• _THE TASK_:
Within the entries below, please retype exactly the lines starting with the line that has "Godkendelse af kompetenceprofil" and going on through the line that has "الصفحة 559 من القرآن الكريم", but not the pictures.

• _INPUT DATA_:
○ ○ ○ ○

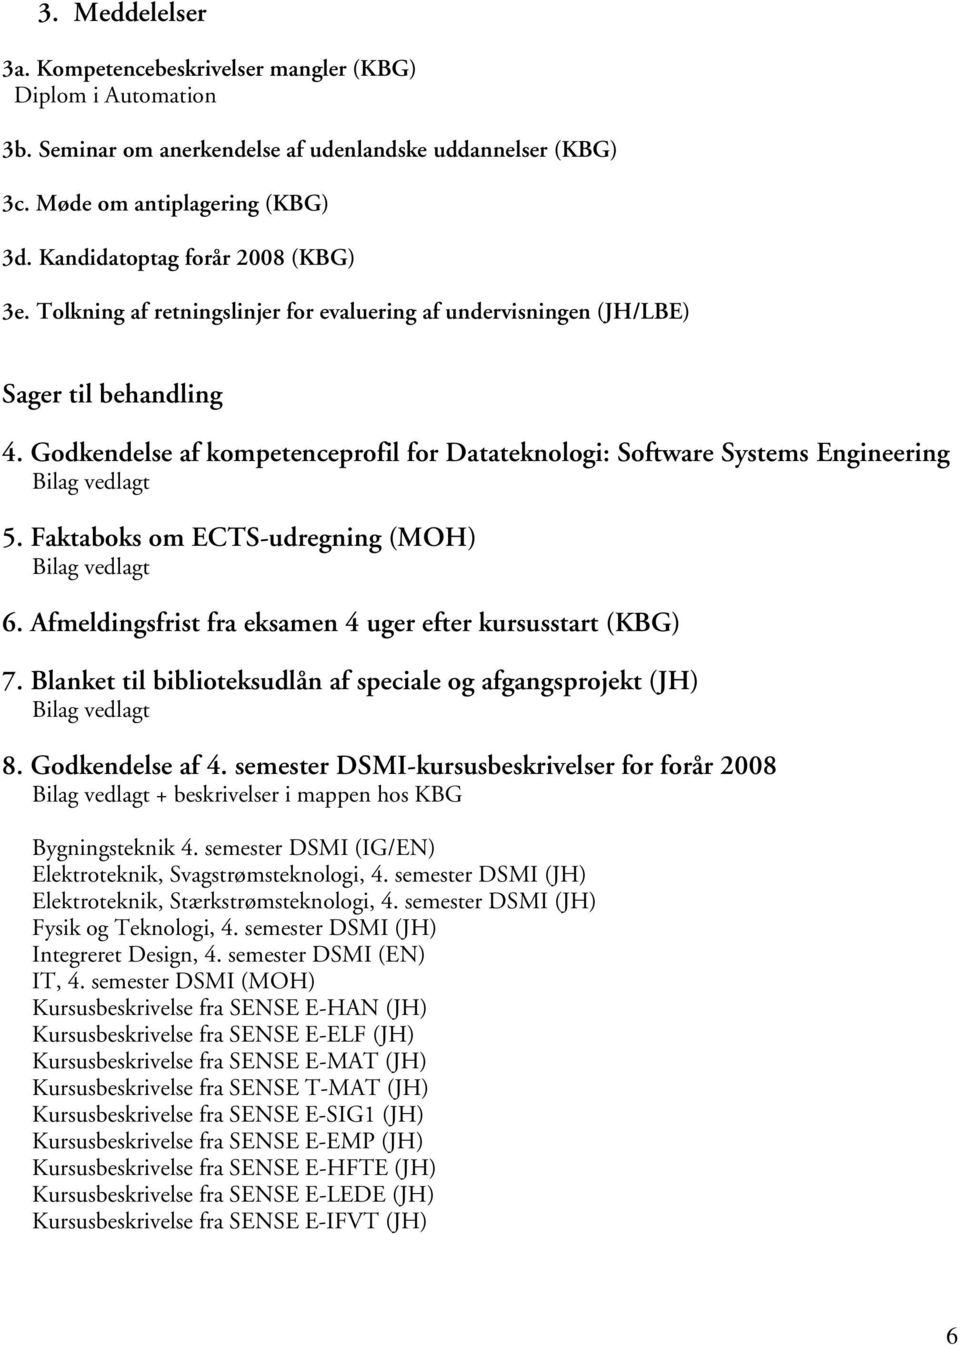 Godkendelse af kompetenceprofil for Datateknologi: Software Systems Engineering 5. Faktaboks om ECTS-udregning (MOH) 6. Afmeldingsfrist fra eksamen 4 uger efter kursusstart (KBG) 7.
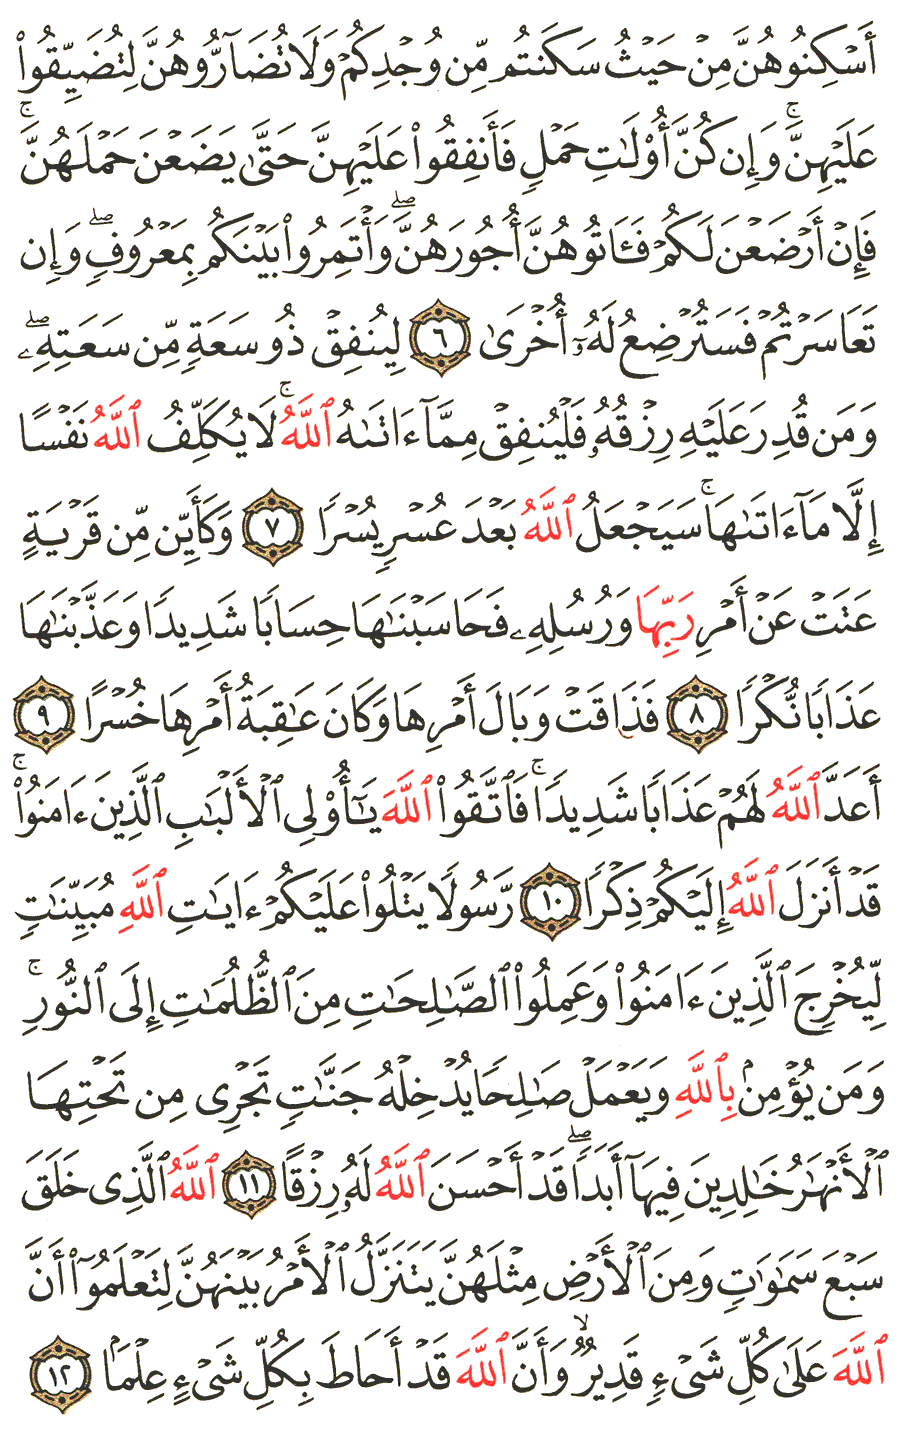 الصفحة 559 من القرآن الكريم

○ ○ ○ ○

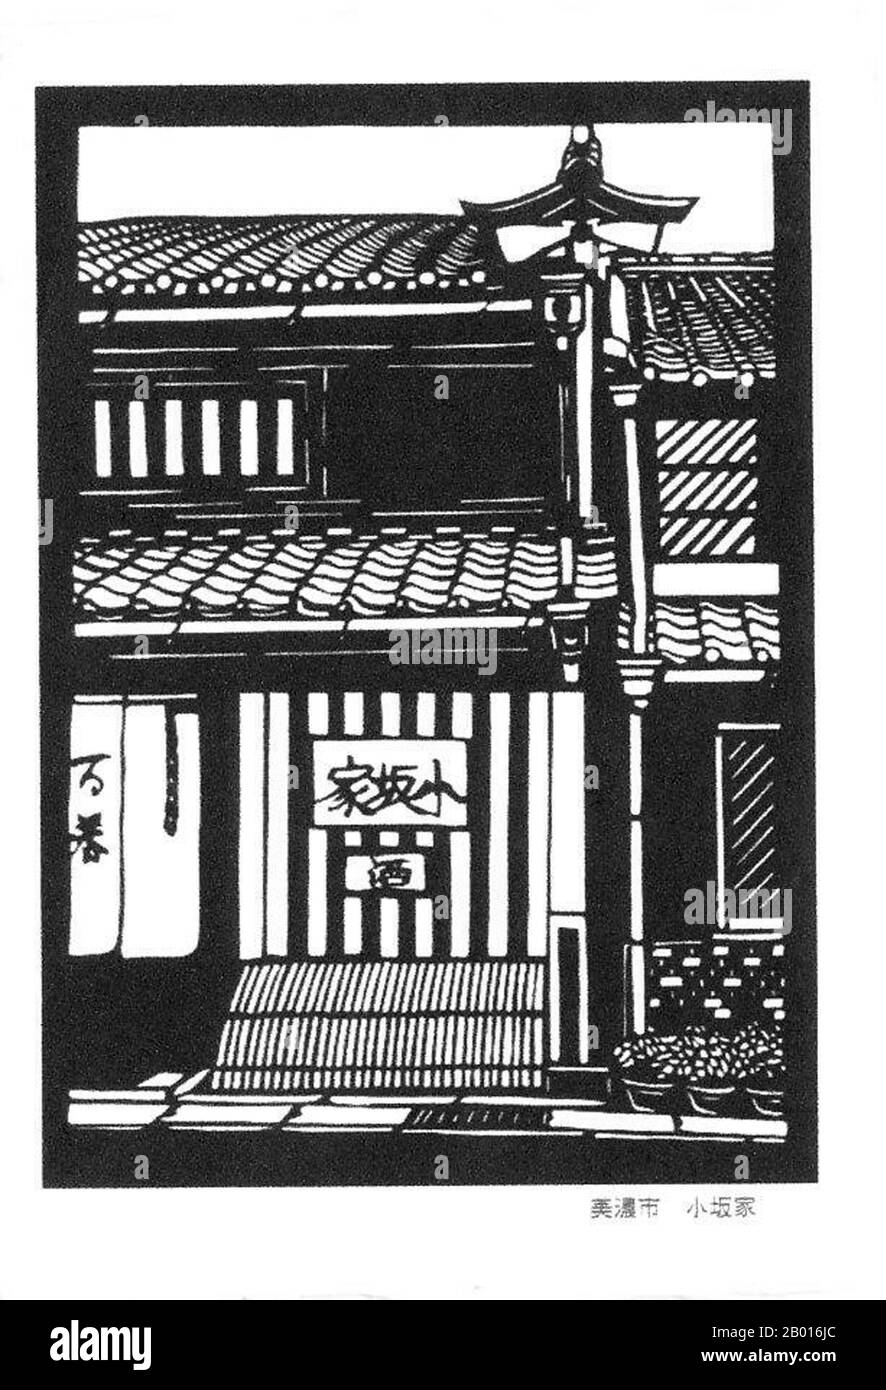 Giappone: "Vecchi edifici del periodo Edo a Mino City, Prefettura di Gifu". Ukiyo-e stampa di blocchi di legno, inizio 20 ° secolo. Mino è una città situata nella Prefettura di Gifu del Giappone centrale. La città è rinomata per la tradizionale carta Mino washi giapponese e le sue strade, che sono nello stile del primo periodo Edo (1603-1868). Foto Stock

○ ○ ○ ○

• _SOLUTION TO THIS PROBLEM_:
 Godkendelse af kompetenceprofil for Datateknologi: Software Systems Engineering 5. Faktaboks om ECTS-udregning (MOH) 6. Afmeldingsfrist fra eksamen 4 uger efter kursusstart (KBG) 7.
 الصفحة 559 من القرآن الكريم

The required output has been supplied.